Body removes with 4 screws easily accessable from under holding the cab down, and 4 holding down the boiler


Percy after anesthesia





Percy after facial removal



this was very very easy, just press on the sides and it will pop off, 


Side view showing tabs that hold faceplate to body





New smokebox face



Sheet black styrene & a spare wheel, I actually traced the diameter directly from the boiler


Smokebox in place



just simply ACC in place


Painted





Percy on the autopsy slab 



This was a seriously EASY project completed in literally ONE evening
just waiting for the paint to dry then will add a gloss coat to match body gloss for now.


Already cannot wait to get my paws on Thomas!


----------



## scoobster28 (Sep 15, 2008)

Poor poor Percy!


----------



## vsmith (Jan 2, 2008)

Coupler adaptors added, gloss paint applied to match existing, all reassembled WHAT A DIFFERENCE!!


----------



## Torby (Jan 2, 2008)

Alas, poor Percy. I knew him!


----------



## East Broad Top (Dec 29, 2007)

Hmm, that explains why there's no Isle of Sodor hockey team... They lose every face-off.  

Later, 

K


----------



## scoobster28 (Sep 15, 2008)

Posted By East Broad Top on 25 Dec 2009 02:56 PM 
Hmm, that explains why there's no Isle of Sodor hockey team... They lose every face-off.  

Later, 

K 

I thought 2009 nominations for worst online forum joke of the year were closed! Perhaps we will keep it open for the last week...


----------



## Semper Vaporo (Jan 2, 2008)

How long will it be before there is a post in a forum about someone building an 0-4-0T from some e-bay bargain or from scrap, painting it green and affixing a face to it to make it look like Percy?

People will oooo and aaahhh over it and ask where the face came from and some will ask how to get one, since the original run of engines is sold out and there are no more available.


----------



## East Broad Top (Dec 29, 2007)

People will oooo and aaahhh over it and ask where the face came from and some will ask how to get one, since the original run of engines is sold out and there are no more available. 
That's why those who have them need to... 





wait for it... 





Save face!!! 



(Going back to work now...) 

Later, 

K


----------



## Steve Stockham (Jan 2, 2008)

Ooooooooooh........I don't know if we can "face" many more of Kevin's bad puns!


----------



## John J (Dec 29, 2007)

This "Face Lift" isn't going to appear in the series "Nip and Tuck? is it. 

Hey It's funnier than the Face Off one


----------



## vsmith (Jan 2, 2008)

Solving the Footplate issue, first step cut out the plastic with a Dremel tool:
















You can see some of the clearance issues with the motor and I suspect the uslessly high clearane in the cab was to accomdate battery RC installs inside the shell.



Heres without the cab


----------



## markoles (Jan 2, 2008)

Vic,

Looks good!
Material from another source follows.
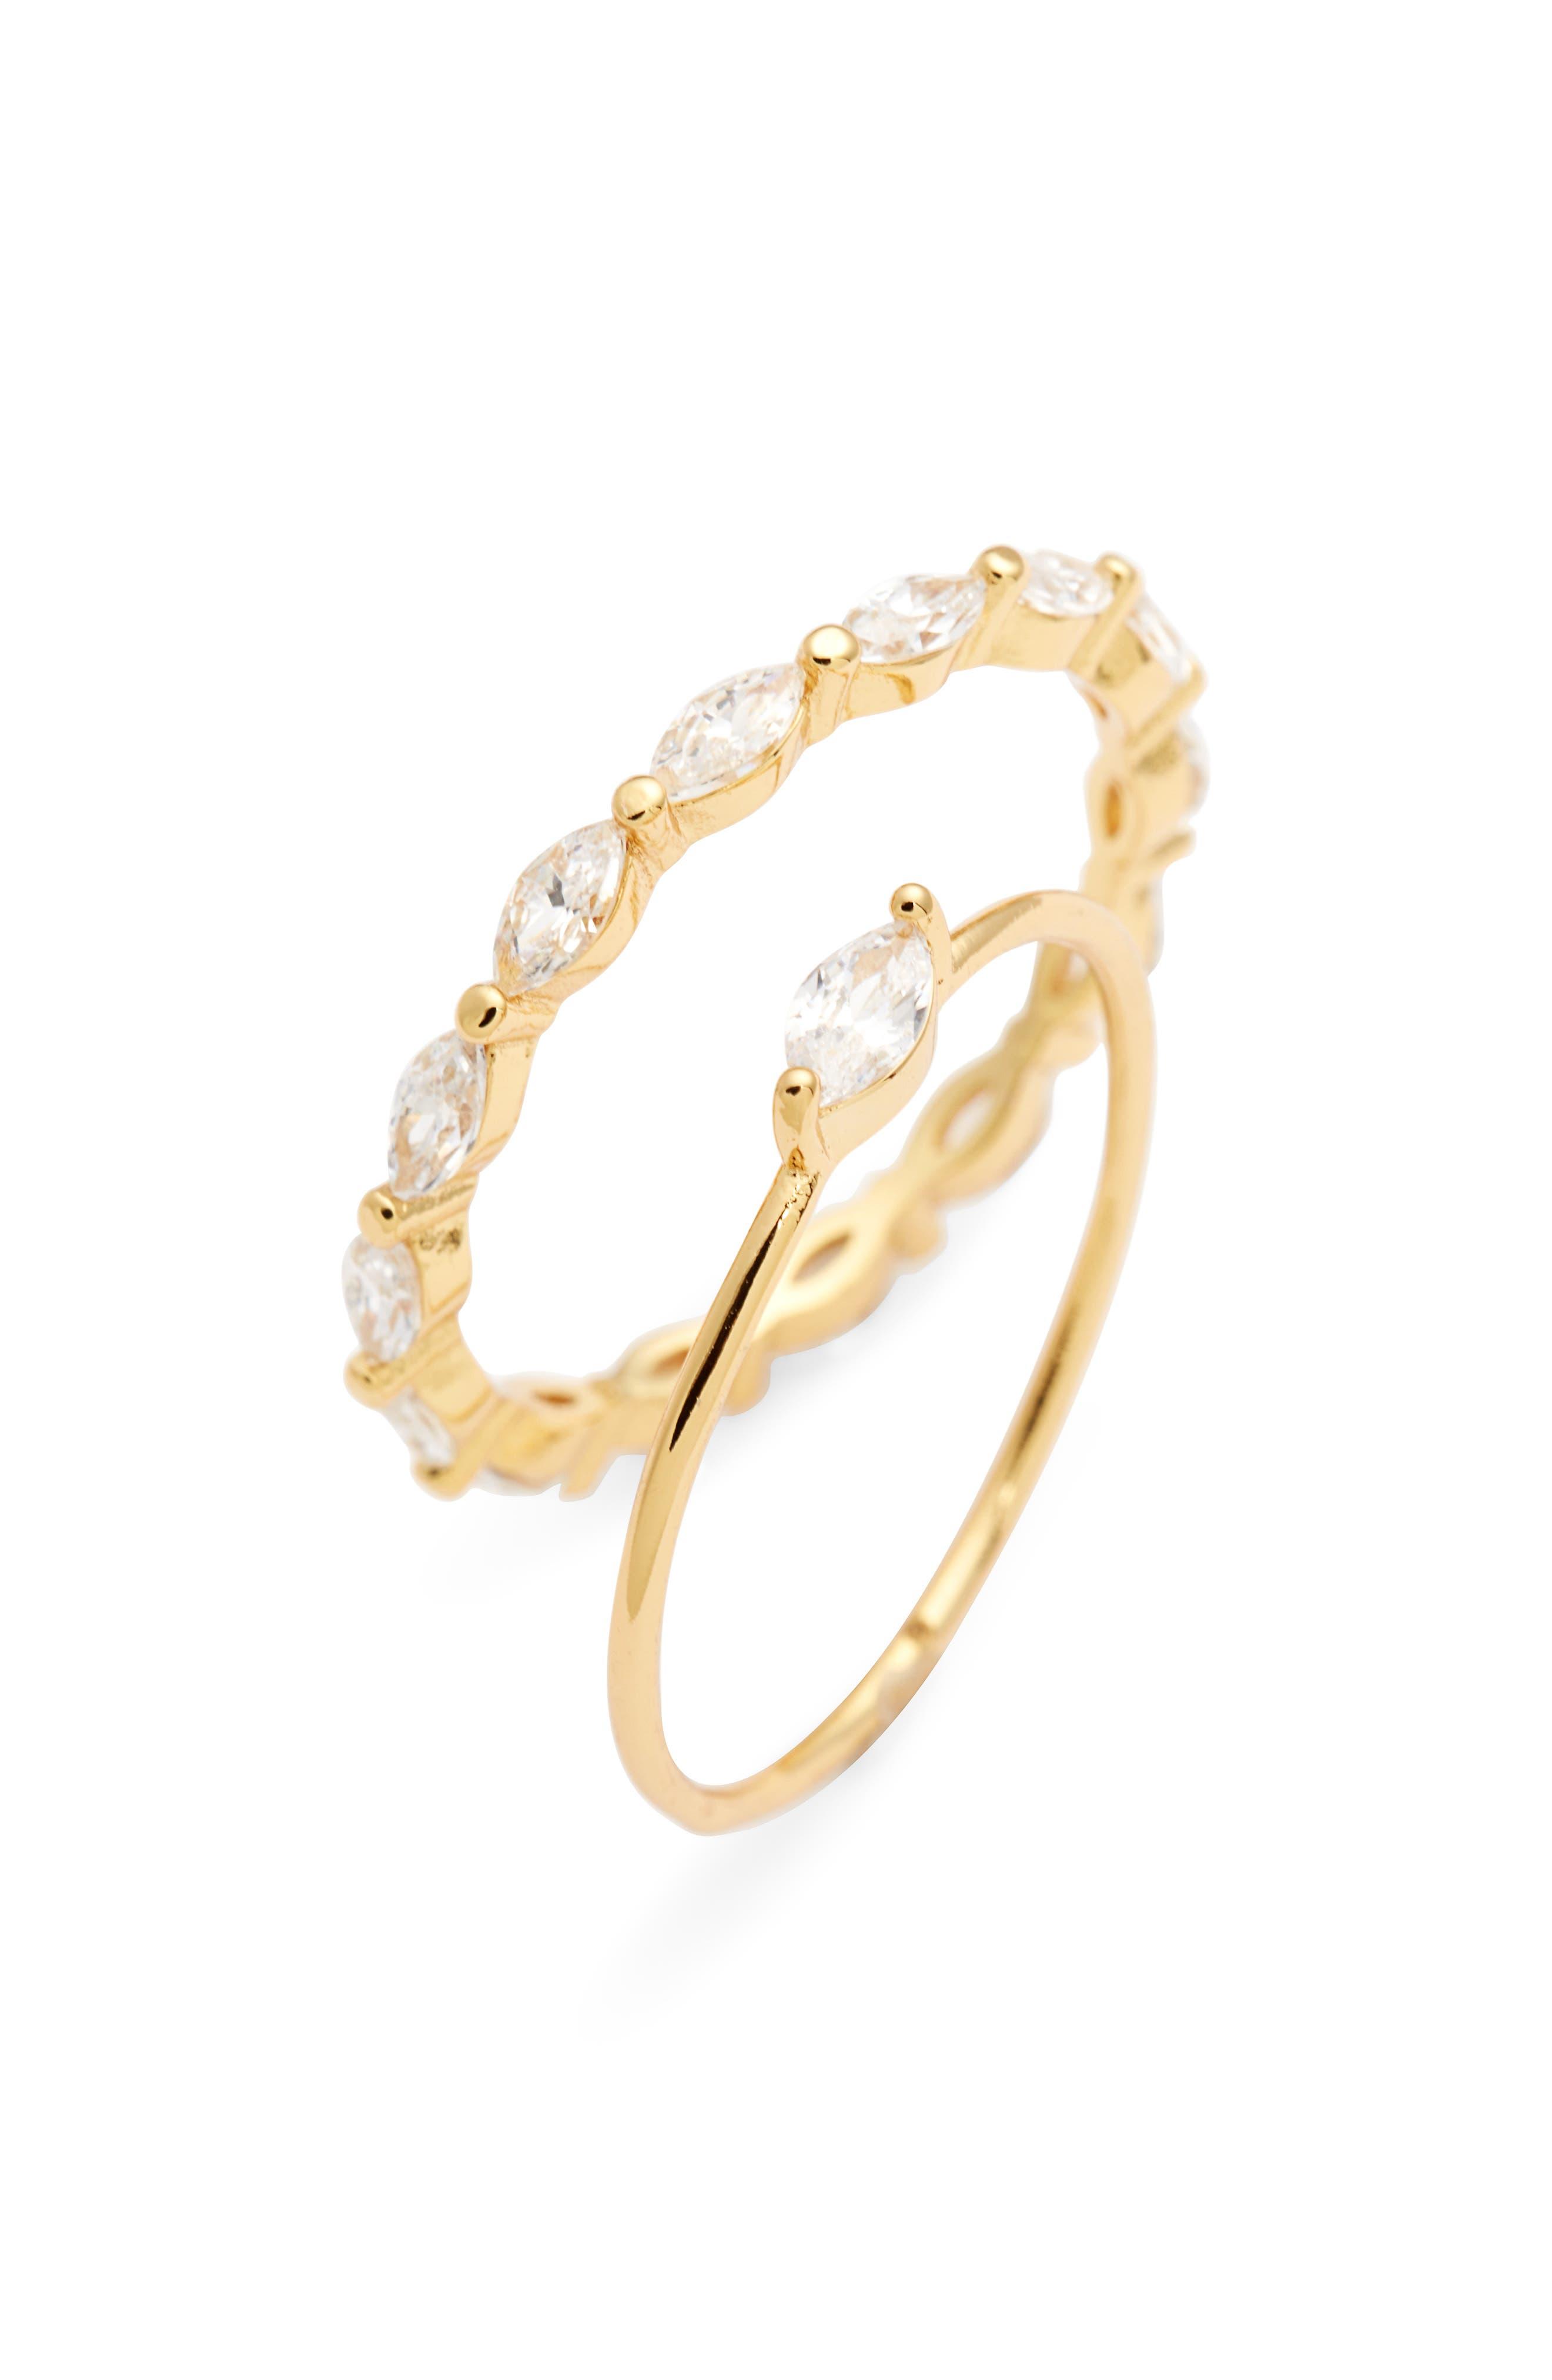 Image of Gorjana Lena 18K Yellow Gold Plated Marquise CZ Ring Set - Set of 2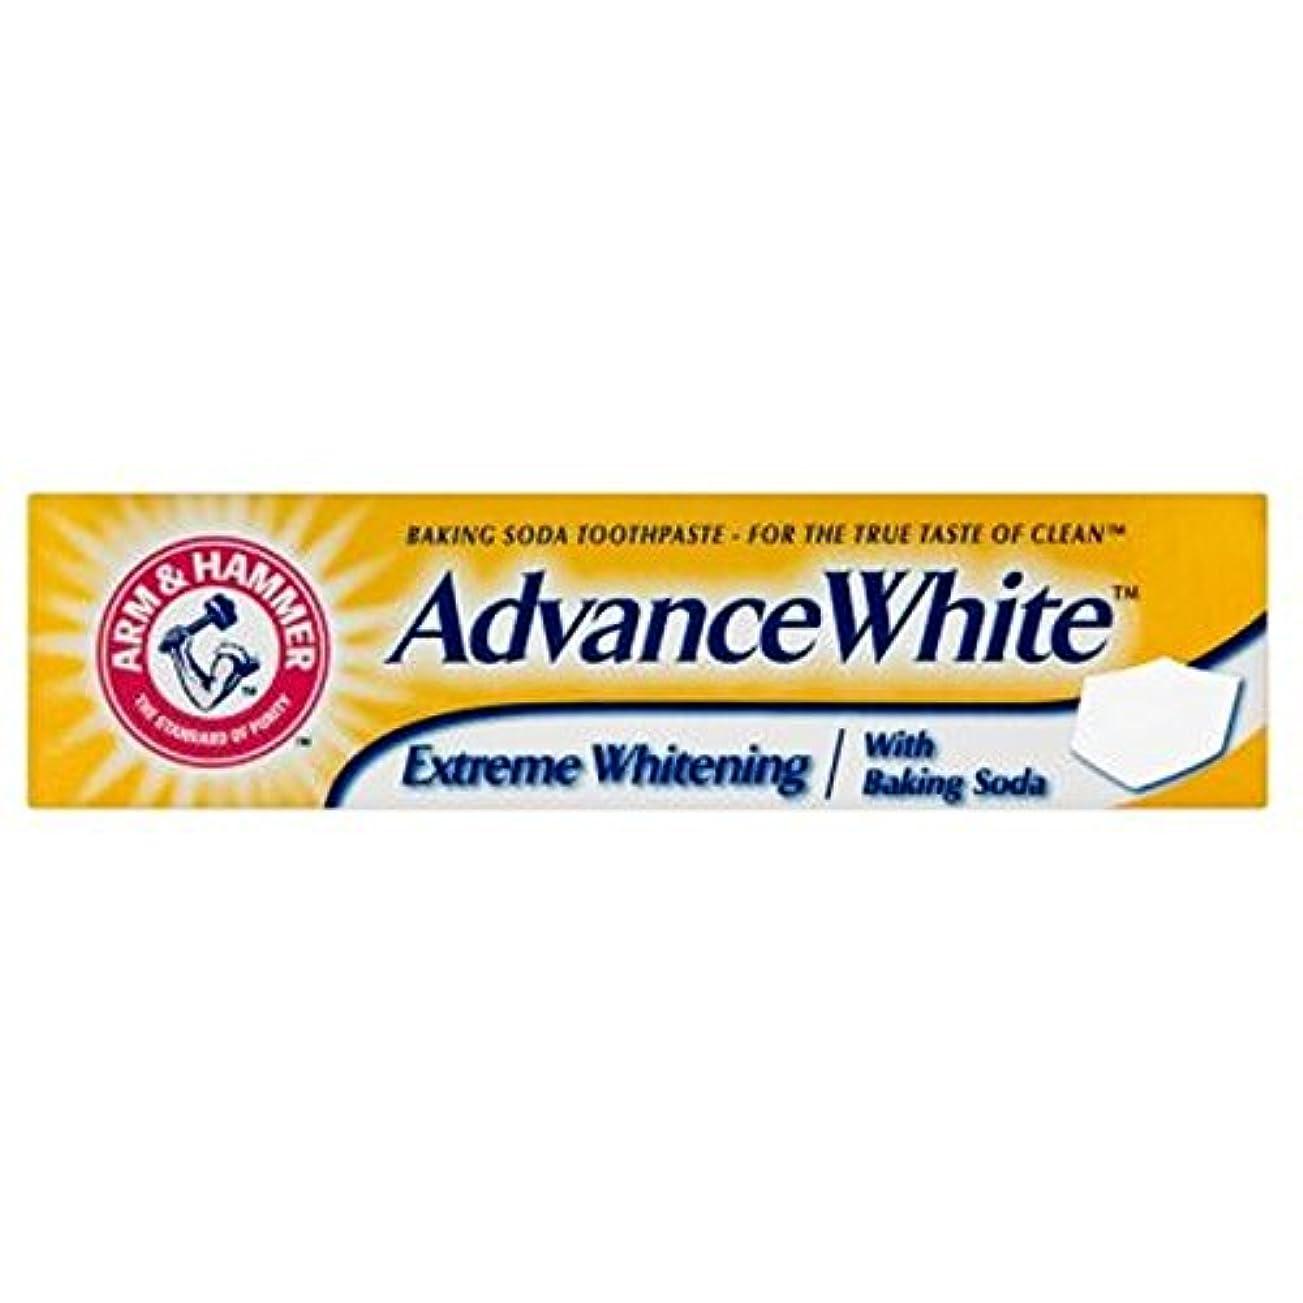 リスク裁量使い込む重曹歯磨き粉75ミリリットルをホワイトニングアーム&ハンマー事前白極端 (Arm & Hammer) (x2) - Arm & Hammer Advance White Extreme Whitening Baking...

Siderods going red, huh?


----------



## vsmith (Jan 2, 2008)

Yes Mark, seen lots of examples of restored engines with the red rods, looks better than the plastics at any rate: 

few more pics, starting to take shape:


----------



## lownote (Jan 3, 2008)

Nice! And thanks for posting this--I'm looking forwared to seeing the finale. Got to get rid of that plasticky-looking shine though


----------



## vsmith (Jan 2, 2008)

Footplate work continued:


Backhead completed:










Test fit:










Coal bunker mocked up










Backhead painted









in place


----------



## vsmith (Jan 2, 2008)

I am happy to report that Percy has successfully been surgically removed and a decent looking Avonside 0-4-0 ST was found inside:












Next up,...

Oh Thomas!!!!


----------



## Jerry Barnes (Jan 2, 2008)

Nice job there!


----------



## vsmith (Jan 2, 2008)

Some scale pics:

The Avonside next to an LGB Porter










With various figures








the figures are left to right, 1/22.5 in the cab, 1/24 on the side, and 1/20.3 on the front



Homer seems to have found a new ride.


----------



## Steve Stockham (Jan 2, 2008)

Okay, this may be going too far into the "Thomas" gig but I recall that, in _Thomas and the Magic Railroad _movie, when an engine from the Isle of Sodor comes through to the "real" world it changes it's appearance losing it's face (as was evidenced by _Lady_) and reacquiring it upon entry back to the Isle of Sodor soooooooooo...........this would be what _Percy _looks like in our world! Hmmm....very nice!


----------